▶ THE TASK: From the line containing "华晨 文化 传媒 logo 图标 logo设计 logo图标 白色" down to the final line of the entries below, return each line exactly and drop the pictures.

Stored items from a collection
--- START ---
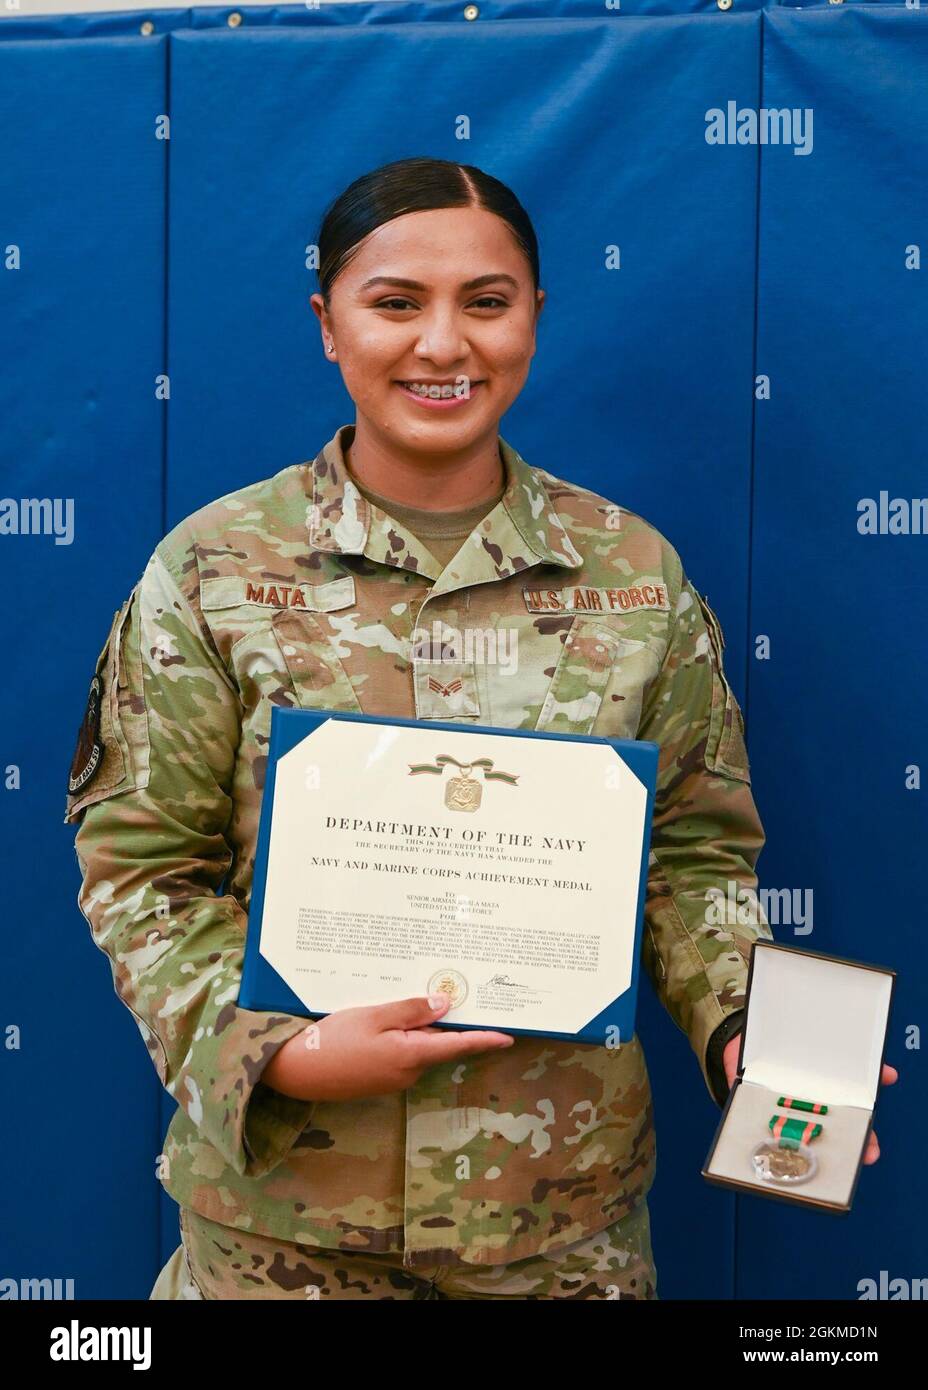 Senior Airman Karla Alejandra Mata, 776th Expeditionary Air base Squadron  Services Airman è stata premiata con la medaglia Navy and Marine Corps  Achievement per i suoi notevoli sforzi mentre si è schierato
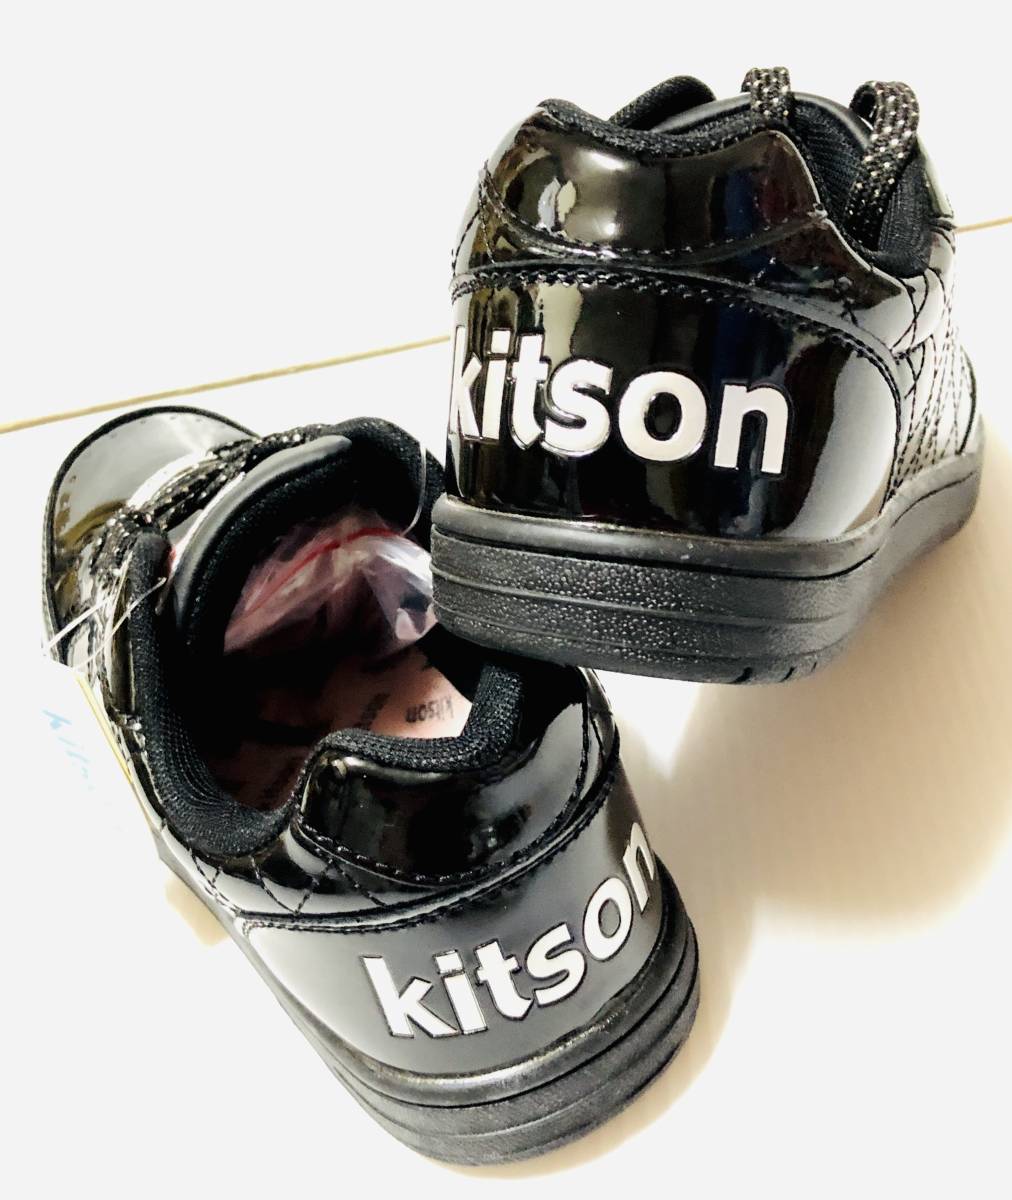  новый товар в коробке Kitson kitson casual гонки выше спортивные туфли KS-203 черный 23.5.
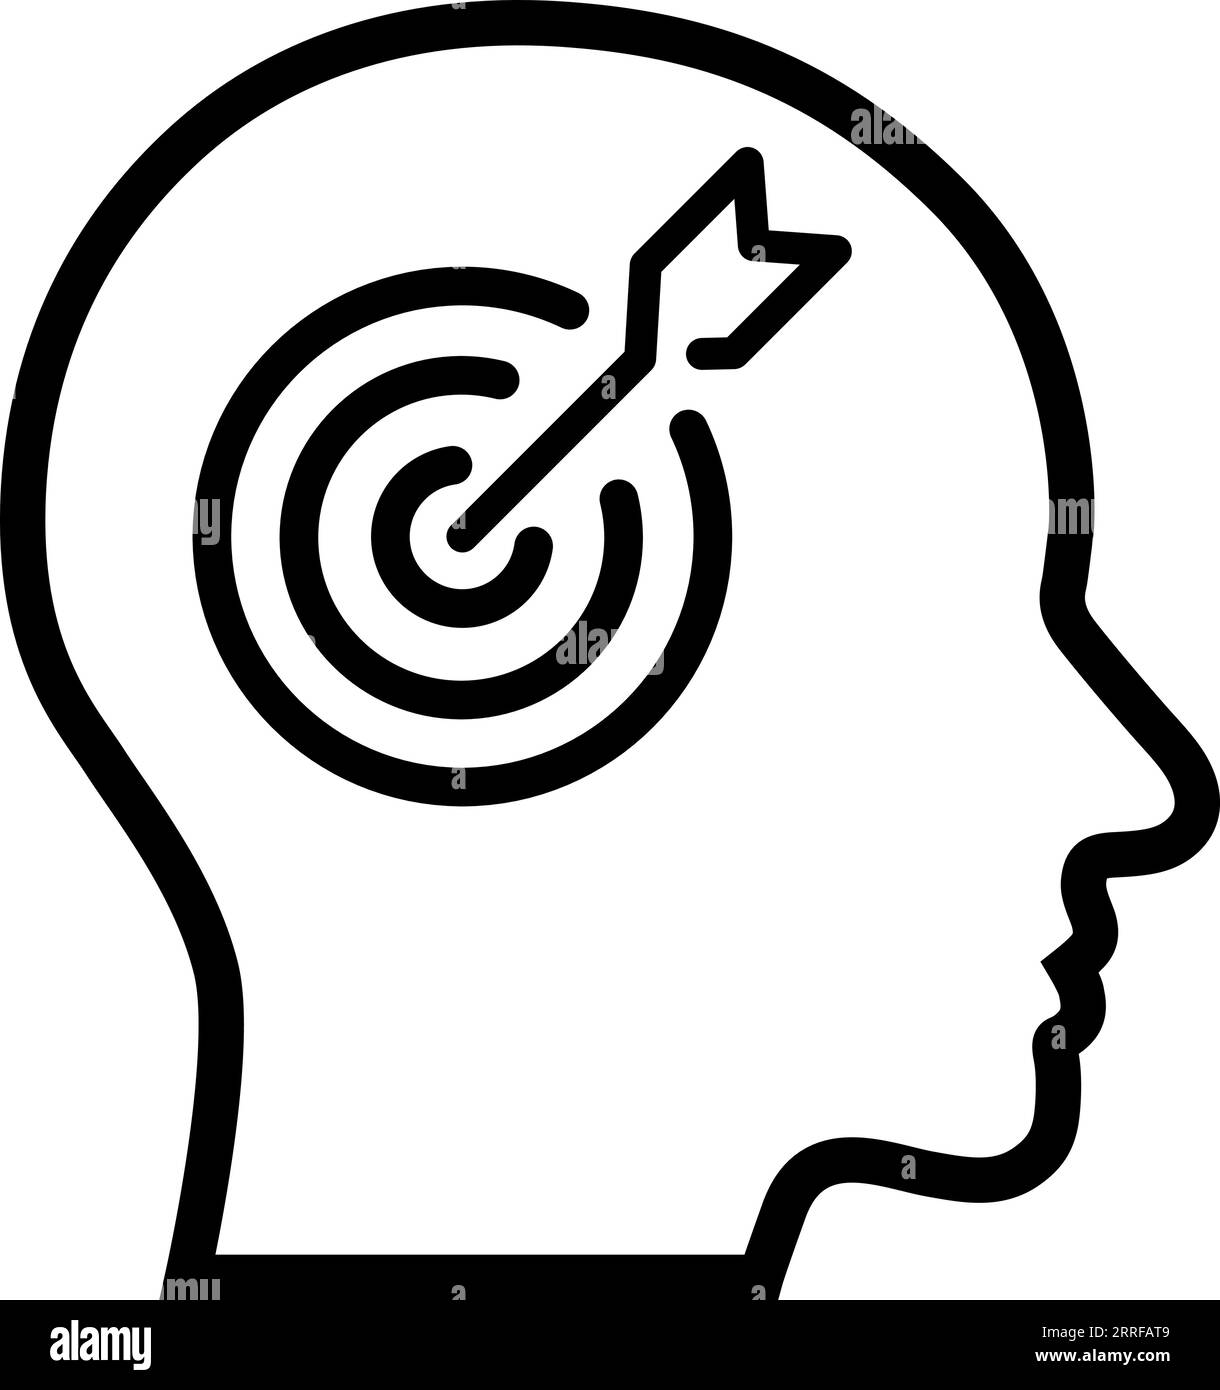 Icona di linea di freccette bersaglio nella testa umana come concetto di messa a fuoco, obiettivo o percezione Illustrazione Vettoriale
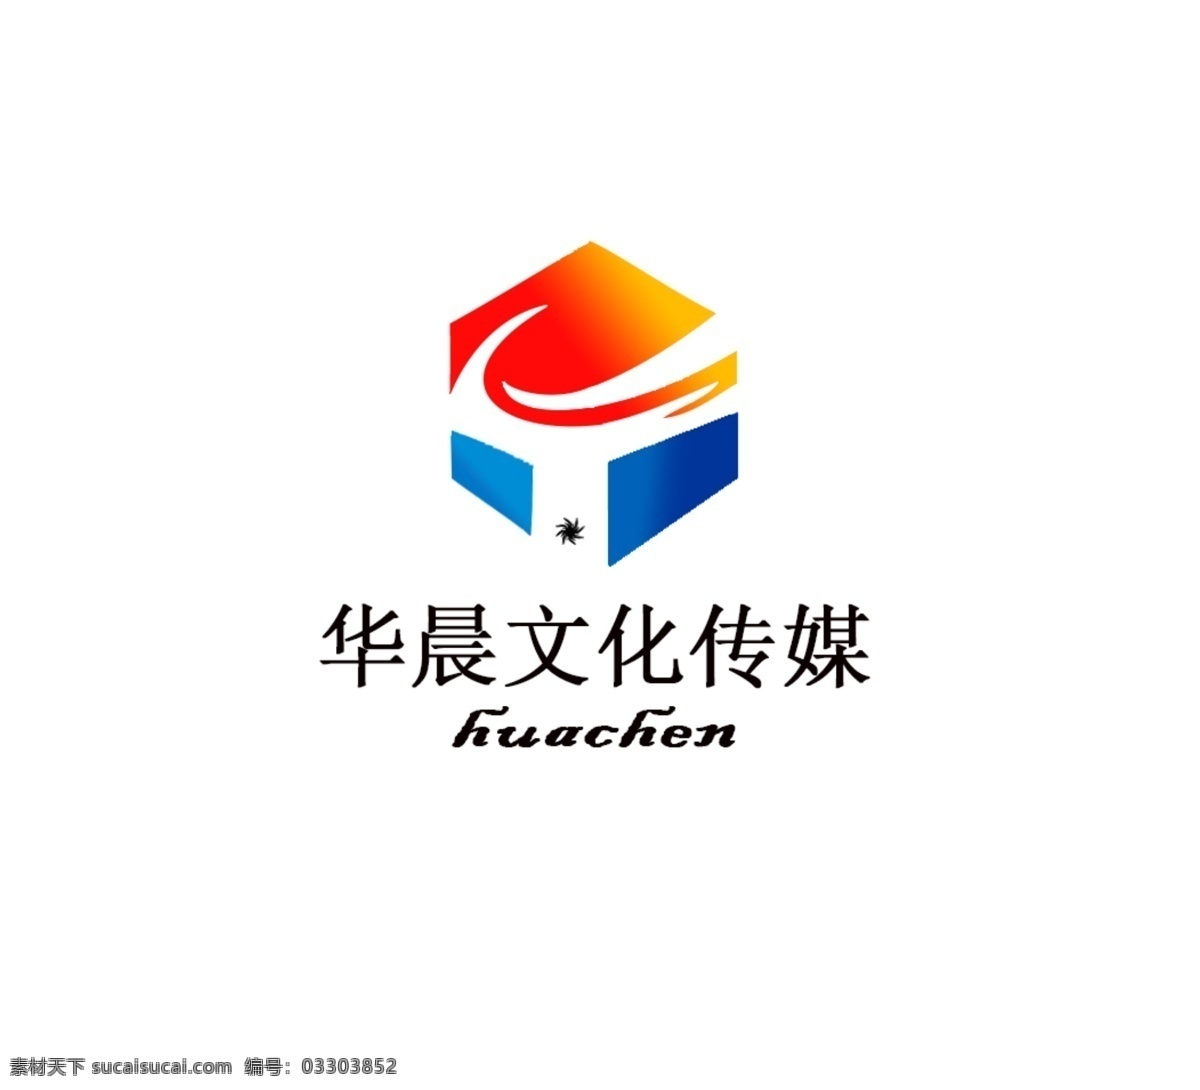 华晨 文化 传媒 logo 图标 logo设计 logo图标 白色
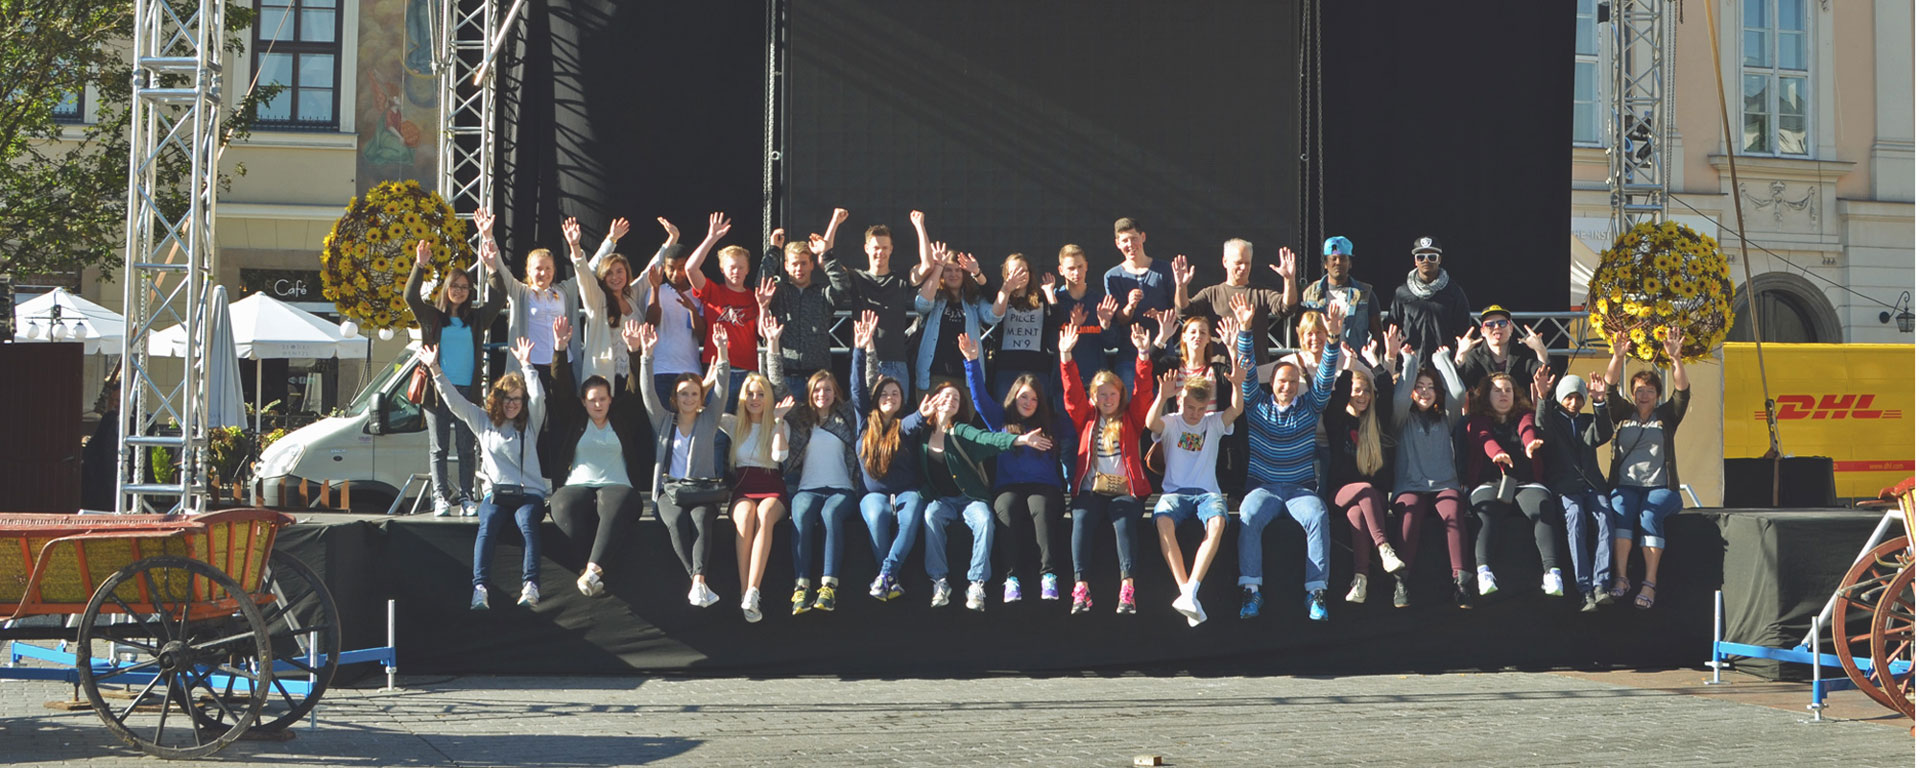 Bilde av elever og lærere på skoletur i Krakow, de sitter på kanten av en scene på gaten ute - Kristen Videregående Skole Nordland - E-sport
--- END ---
▶ YOUR SOLUTION:
 华晨 文化 传媒 logo 图标 logo设计 logo图标 白色
 Bilde av elever og lærere på skoletur i Krakow, de sitter på kanten av en scene på gaten ute - Kristen Videregående Skole Nordland - E-sport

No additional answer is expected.